╔══

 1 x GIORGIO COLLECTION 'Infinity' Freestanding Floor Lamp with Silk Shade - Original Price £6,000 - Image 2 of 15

╚══
╔══

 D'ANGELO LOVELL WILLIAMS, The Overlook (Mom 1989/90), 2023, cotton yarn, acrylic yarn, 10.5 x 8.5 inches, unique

╚══
╔══

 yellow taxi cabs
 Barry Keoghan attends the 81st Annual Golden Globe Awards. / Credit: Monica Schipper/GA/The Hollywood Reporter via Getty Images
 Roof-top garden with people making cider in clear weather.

╚══

Copy each line in the entries above where the word "with" shows up.

Answer to the exercise
 1 x GIORGIO COLLECTION 'Infinity' Freestanding Floor Lamp with Silk Shade - Original Price £6,000 - Image 2 of 15
 Roof-top garden with people making cider in clear weather.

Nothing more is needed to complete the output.